Sunday, January 6, 2013


It was weird.

Upon arriving in Tulum, Mexico, I kept hearing about this ceremonial sauna called Temazcal- and of course my interest piqued, I had to try it.
I bike down one night at 7pm to these little bungalows on the beach, where I see a few people gathered around a lively fire in a large chimenea. I joined them and got the low-down on what exactly a Temazcal was as we waited the arrival of a few more participants and the Shaman, who was to perform the ritual. The purpose of the Temazcal is to cleanse the body, reunite the male and the female energies, and honor the four elements: earth, air, fire, water.
We begin by cleansing out negative energy. This is done by burning copius amount of copal and bathing in its' smoke, as well as by running a stick over our bodies, then launching it into the fire. Then we take a pinch of cacao and tobacco, put our intention into it, and toss it into the fire along with the stick.
We are ready for the Hot Box.

It looks like a stone igloo, and it cannot be exaggerated how uncomfortable it is inside. You can't sit up straight, sand sticks to all parts of your flesh, and the sharp edges of the palm leaves which lay atop the sand dig into your skin as you wiggle to find a sitting position you can maintain for more than 30 seconds .
Stripping down to my swimsuit, I crawl on my hands and knees into the igloo, bowing my head with the word "otuma" (or something of the sort- the truth is I don't remember). Once inside, the fun begins. The Fire Man, Luca, brings us glowing hot stones from the fire and the 13 of us inside the dark dome, welcome the stones in saying "bienvenida abuelita!" in unison. The space is completely pitch black inside. Herbs are placed on the stones as they are set in a hole in the center of our circle. They shrivel and smoke as rich, heavenly smells are released. The Shaman begins splashing water over the stones and chanting in a loud, almost shrill voice sounds that seems nonsensical and frightens me as the water slaps my face unexpectedly in the darkness.
Three times we welcome the little grandmother stones inside our steamy igloo. The singing and chanting continues, we pause to drink tea, and share with each other our desires for the world.

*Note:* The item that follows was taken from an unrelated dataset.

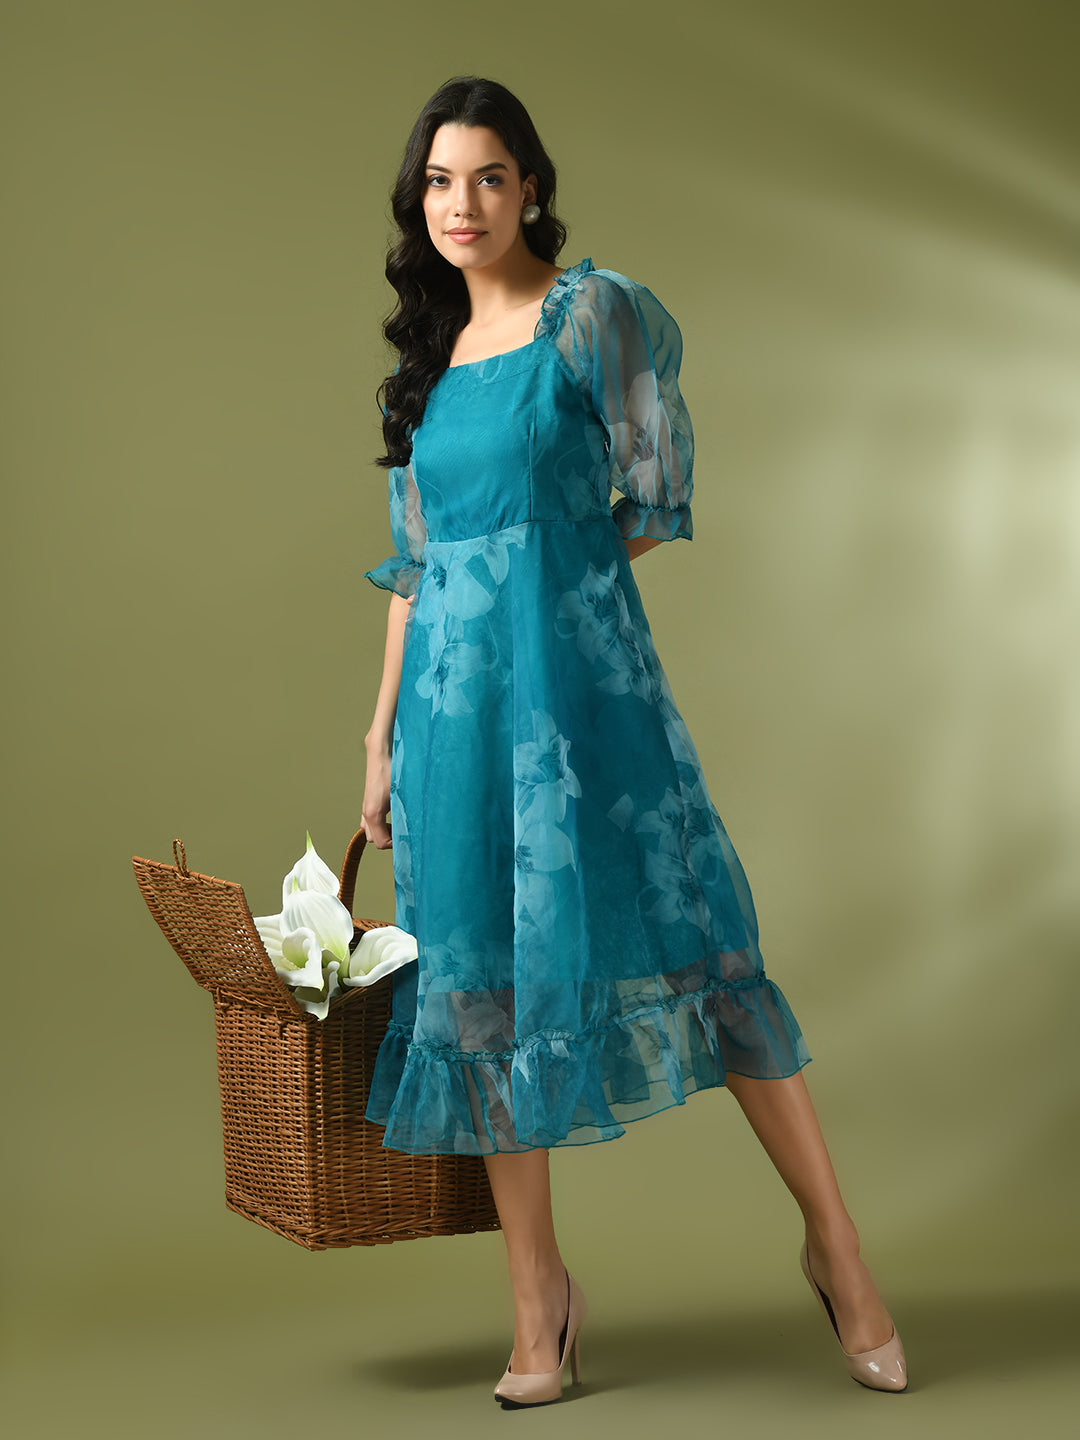 Women's  Teal Printed Square Neck Fit And Flare Party Dress  - Myshka

We speak of love, compassion, brilliant light, joyous existence, and living in truth.
Hours have passed. I start to become irritated. I can feel the people around me squirm and sigh, telling me they share the same sentiment. Will this man ever stop singing? I find myself with my back on the sand, face in a numb stare pressed against the stones. Like a fish, wide-eyed, mouth agape, I methodically suck small amounts of hot air into my lungs. Doesn't he realize we are all on the brink of asphyxia?
Just when I know I won't last any longer, the singing ceases with sweet relief. We can at last exit, crawling out on hands and knees just as we entered -yet lighter, emptier. Born anew, as baby turtles (the Shaman's words, not mine) we hold hands and stumble on shaky legs towards the ocean.
The truly miraculous thing about this whole experience is that the moon, which was hidden behind a thick layer of clouds when I arrived, has now emerged in a stunning display of light that coats the incoming tide in a silvery glow. With arms outstretched, I step into the ocean and allow the waves to wash me clean with a powerful force that simultaneously knocks me back and lifts me up. I gaze up at the brilliant moon and glimpse a shooting star. The wind rushes over my entire being and sends chills through my core.

The experience was most certainly singular, and I do believe I could not have been more thoroughly reset for the new year.